PEMILIHAN Umum (Pemilu) legislatif dan eksekutif sebaiknya dipisahkan untuk meningkatkan efektivitas proses demokrasi.
Usulan ini datang dari anggota Badan Legislasi (Baleg) DPR RI, Firman Soebagyo, yang menyarankan agar pemilu dilaksanakan dalam dua tahap berbeda, yaitu pemilu legislatif dan pemilu eksekutif. Memisahkan kedua pemilu ini dapat menjadi solusi yang tepat dalam penyusunan Rancangan Undang-Undang (RUU) Pemilu.
Melihat Pelaksanaan Pemilu Legislatif dan Eksekutif
Pemilu legislatif mencakup pemilihan untuk DPR RI, DPD RI, dan DPRD, sedangkan pemilu eksekutif fokus pada pemilihan presiden dan kepala daerah. “Kami ingin membahas kemungkinan untuk mengadakan pemilu legislatif terlebih dahulu, diikuti oleh pemilu eksekutif,” ujar Firman pada 31 Juli 2025. Langkah ini dianggap penting agar hasil pemilu legislatif bisa digunakan sebagai pedoman dalam menetapkan ambang batas pencalonan presiden.
Dalam konteks ini, ada harapan bahwa RUU Pemilu yang disusun dengan metode omnibus law akan menjadi jawaban atas putusan Mahkamah Konstitusi (MK) yang mengarahkan pemisahan antara pemilu nasional dan pemilu daerah. “Kami sebagai penyusun undang-undang harus memahami putusan MK yang tentunya membawa banyak kebingungan,” lanjutnya.
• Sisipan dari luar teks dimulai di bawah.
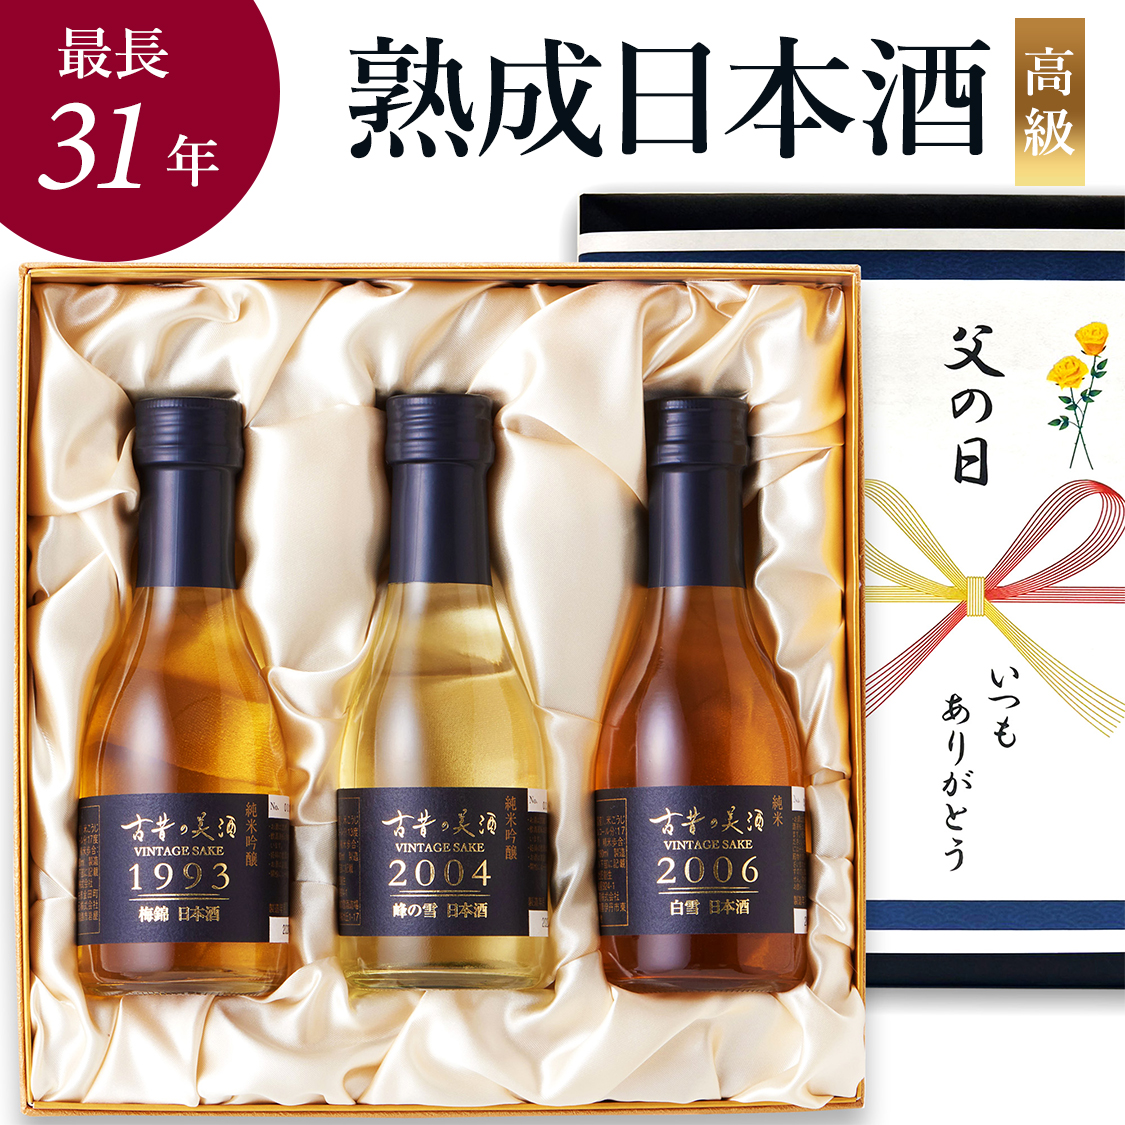 高級 日本酒 ギフト 最長31年 長期熟成 ヴィンテージ 希少古酒 3銘柄飲み比べセット 祝シリーズ『古昔の美酒 祝』 誕生日 プレゼント 退職祝い

Dengan memisahkan pemilu, diharapkan akan ada implementasi yang lebih jelas dan terstruktur.
Implikasi Keputusan Mahkamah Konstitusi dan Perubahan Kebijakan
Di samping itu, Firman menyoroti implikasi dari putusan MK mengenai perpanjangan masa jabatan sejumlah kepala daerah dan anggota DPRD. Menurutnya, keputusan tersebut mengandung masalah, karena tidak ada dasar hukum yang sesuai dalam undang-undang pemilu yang berlaku saat ini. “Jika ada perpanjangan masa jabatan, itu harus melalui amandemen konstitusi yang pastinya tidak bisa dilakukan sembarangan,” imbuhnya.
Putusan MK yang dinyatakan melalui Putusan Nomor 135/PUU-XXII/2024 menyatakan bahwa pemilu daerah seharusnya dilaksanakan dua atau dua setengah tahun setelah pemilu nasional. Pemilu daerah itu sendiri mencakup pemilihan untuk anggota DPRD dan kepala daerah, sementara pemilu nasional menggambarkan pemilihan anggota DPR RI, DPD RI, serta presiden dan wakil presiden.
MK juga menegaskan bahwa waktu pemilihan nasional berakhir saat anggota DPR, DPD, dan presiden/wakil presiden terpilih dilantik. Dalam putusannya, MK meminta agar pembentuk undang-undang melakukan rekayasa konstitusional untuk mengatur masa transisi jabatan kepala daerah dan anggota DPRD hasil pemilihan 2024. Keputusan ini akan langsung berlaku untuk Pemilu 2029, sehingga penting bagi para pembuat kebijakan untuk memahami dan menyesuaikannya dengan ketentuan yang ada.
Firman juga menjelaskan bahwa hingga saat ini, DPR belum mengambil keputusan mengenai arah perubahan sistem pemilu di tanah air. Meskipun Komisi II DPR telah menyurati pimpinan DPR untuk meminta klarifikasi, hingga kini belum ada respons yang jelas. “Kami berharap proses pembahasan RUU Pemilu dapat dimulai lebih awal agar penyusunannya dapat dilakukan dengan baik dan tidak menimbulkan masalah di kemudian hari,” imbuhnya, sambil menambahkan kenyataan bahwa pemilu selanjutnya baru akan berlangsung pada 2029.
“Keputusan yang terburu-buru bisa berujung pada hasil yang tidak maksimal. Pengalaman sebelumnya menunjukkan bahwa revisi undang-undang pemilu kerap dilakukan menjelang pemilu, yang berpotensi menyulitkan proses penyelenggaraannya,” tutup Firman. Diskusi ini menjadi krusial untuk memastikan bahwa sistem pemilu di Indonesia tidak hanya berjalan tetapi juga berkualitas dan memberikan kepercayaan kepada masyarakat atas proses demokrasi yang berlangsung.